The rediscovery of classical thinking during the Renaissance led to the
formation of the “ethnocentric western culture” that liberals love to
demonize. The foundation of Western culture is the reliance of reason
rather than faith to find out the basic facts of reality. By the use of
reason, great thinkers like Thomas Aquinas, Francois Voltaire, John
Locke, Adam Smith, and Thomas Jefferson, discovered that man had certain
unalienable rights, among them the rights to life, liberty, property,
and the pursuit of happiness. While the Islamic world plunged ever
deeper into the stagnation of religious fundamentalism, the great minds
of Europe and America woke up and asserted the right of every man to
live for his own sake, and the proper function of government as an
obedient servant, not master of the people. They recognized that
voluntary trade to mutual benefit was superior to slavery and servitude,
whether to a king or to a mob. When the Founders established the United
States of America, they set up the greatest experiment in history to
test their newly-found values. The experiment, for a while at least, was
a great success. The civilized world experienced never-before seen
prosperity, economic growth, and increases in the longevity and quality
of life. Religion did not die out in the West, but the Founders
recognized that the role of government was to protect men’s rights, not
to enforce morality, and allowed men to their own meaning in the
universe. Western civilization was far from perfect: slavery, war, and
suffering persisted -- but to the extent that men recognized the right
of every person to his own life, their societies flourished.

This is then, the “Western imperialism” that liberals condemn as
inferior and destructive to the “fragile” Iraqi culture.

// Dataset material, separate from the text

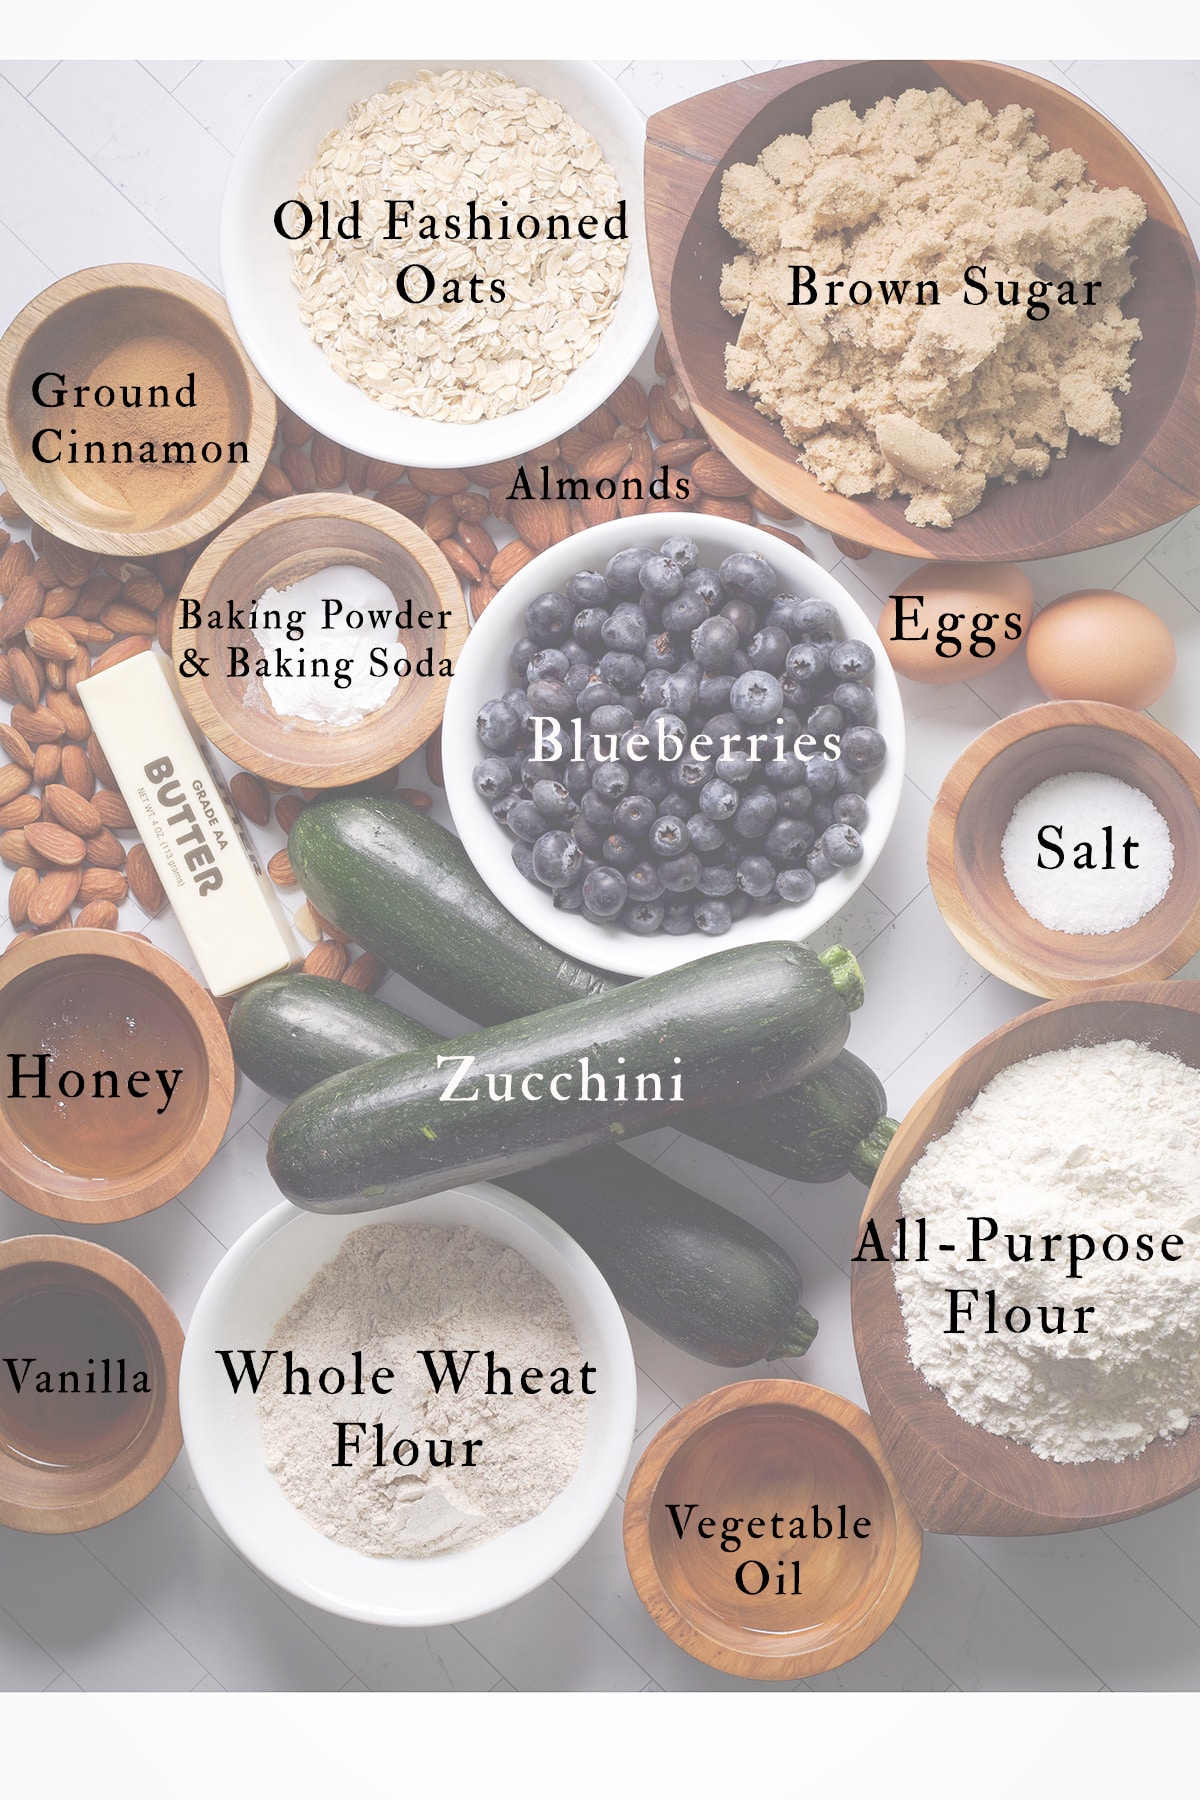 All of the ingredients needed to make Zucchini Blueberry Muffins.

McDonalds and
KFC are the products of a wealthy society, one that is able to
mass-produce cheap, dependable goods more efficiently and safer than
ever before. Certainly, fast food may not be good for one’s health – but
the rapid growth of low-fat items on menus and health-oriented
franchises like Subway shows that the markets respond to consumer
demand. Peter Cook, an organizer with a radical pacifist group claims
that “Iraqis have really good food, they don't need a KFC” – but is he
worried that Iraqis will be dragged into KFC at gunpoint and traditional
eating venues bombed into extinction? No, he is scared stiff that Iraqis
will choose to eat cheaper, safer, and yes, even healthier food paid by
productive and free Iraqi workers, rather than thrown the scraps of
international handouts after their dictator decided which city was going
to starve that day for not bowing down to his regime.

The pacifists are clearly not concerned about Iraqi civilians. They did
not care about the millions who died under Saddam’s brutal regime, and
they do not wish to bring Iraqis the values that brought the Western
world out of the Dark Ages and into the light of liberty and prosperity.
They volunteered as human shields to protect Saddam’s weapons factories,
but they now wish for Americans to get out of Iraq without restoring
order or reconstruction by turning over Iraq to the incompetent and
corrupt hands of the UN. Now that they have failed to keep the United
States from asserting the right to its own existence (albeit weakly),
they seek to prevent the United States from asserting the values that
give us the right to that existence. Having failed to save the Iraqi
dictator, they seek to save the values that created him. They claim that
all cultures are equal, that even the claim that freedom is better than
slavery, prosperity is better than poverty, and life is better than
living death amounts to ethnocentric imperialism and racism. It is not
fast food that these peaceniks oppose, but civilization and life – as it
should be lived. They have made their stance clear. Let us now make ours.